Thursday, February 25, 2021

Tag: The one way governments could actually kill Bitcoin

The one way governments could actually kill Bitcoin


by Simon Black, Sovereign Man:

Something pretty miraculous happened recently.

It appears that Jamie Dimon, CEO of JP Morgan Chase, went nearly TWO WEEKS without bashing Bitcoin.

This must be a record for Mr. Dimon, who seems to have barely been able to last an hour without calling out Bitcoin as a “fraud”, or a refuge for criminals and North Koreans.

Mr. Dimon finally broke his Zen-like meditative silence late last week, once again returning to the familiar assaults we’ve come to expect from the world’s most powerful banker.

On Thursday, Dimon downplayed the importance of Bitcoin during a teleconference with journalists, and then said he wouldn’t talk about cryptocurrency anymore.

One day later, Dimon was talking about cryptocurrency again, this time at the annual meeting of the Institute for International Finance.

Dimon’s rant was in top form, and he went back to his core material– governments won’t allow Bitcoin to exist, it’s only useful for criminals, etc.

He was later joined by his sidekick Larry Fink, Chairman and CEO of Blackrock (the largest investment management firm in the world with over $5.7 trillion under management).

Fink stated succinctly that Bitoin is “an index for how much demand for money laundering there is in the world.”

Now, these are clearly not dumb guys. Dimon and Fink are princes of Wall Street. They know finance.

But it’s pretty obvious they haven’t done their homework on cryptocurrency… since there’s really no objective evidence to support their assertions.

Dimon’s idea that Bitcoin is a “great product” for criminals is simply WRONG. Bitcoin is terrible for criminals.

Why?
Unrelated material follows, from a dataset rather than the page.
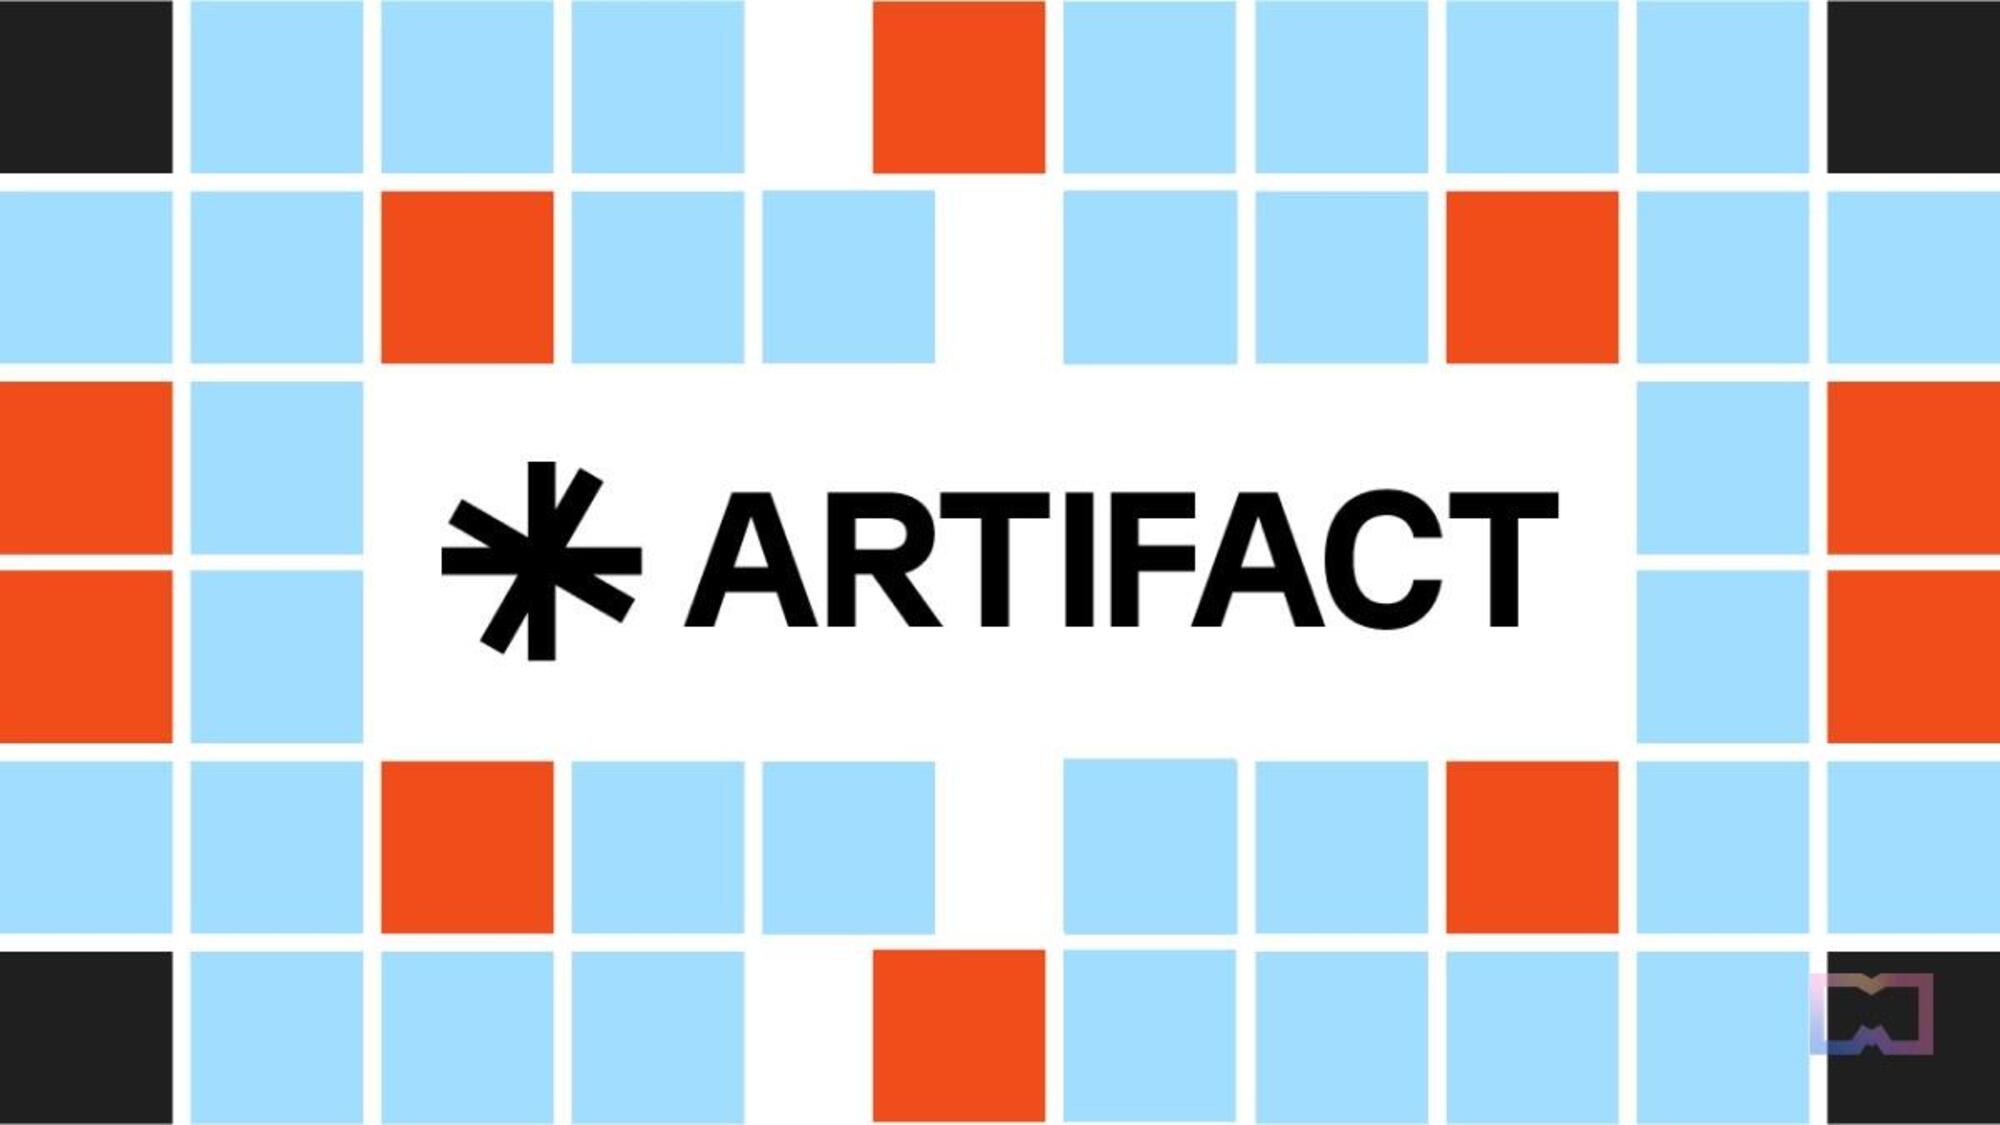 Artifact, la nuova applicazione creata da Kevin Systrom e Mark Krieger

Easy. Bitcoin is not fully anonymous. Every single Bitcoin that has ever been mined… and every single transaction in Bitcoin that has ever been made… is recorded in the Blockchain.

In other words, it’s all public information.

That’s not to say that people’s names and addresses are recorded in the Blockchain; instead, a typical transaction record includes information about Bitcoin Wallet IDs, block numbers, etc.

[Visually, it looks something like this:]

But for people with enough resources (i.e. governments), the transactions can be traced back to the source.

Here’s an easy example.

Let’s say Alvin the Arms Dealer signs up for a new account at Coinbase– the most popular exchange in the world.

Alvin links his Coinbase account to his bank account at, say, hmmm… JP Morgan Chase, and puts in an order to buy 100 Bitcoin.

The money transfers from JP Morgan to Coinbase, and Alvin’s Coinbase wallet is credited with 100 Bitcoin.

Alvin now sends those 100 Bitcoin to his friend Marvin the Money Launder.

Marvin sells the Bitcoin at another exchange, and deposits the US dollars into his own bank account.

EVERY SINGLE ONE OF THESE TRANSACTIONS has been posted to the blockchain.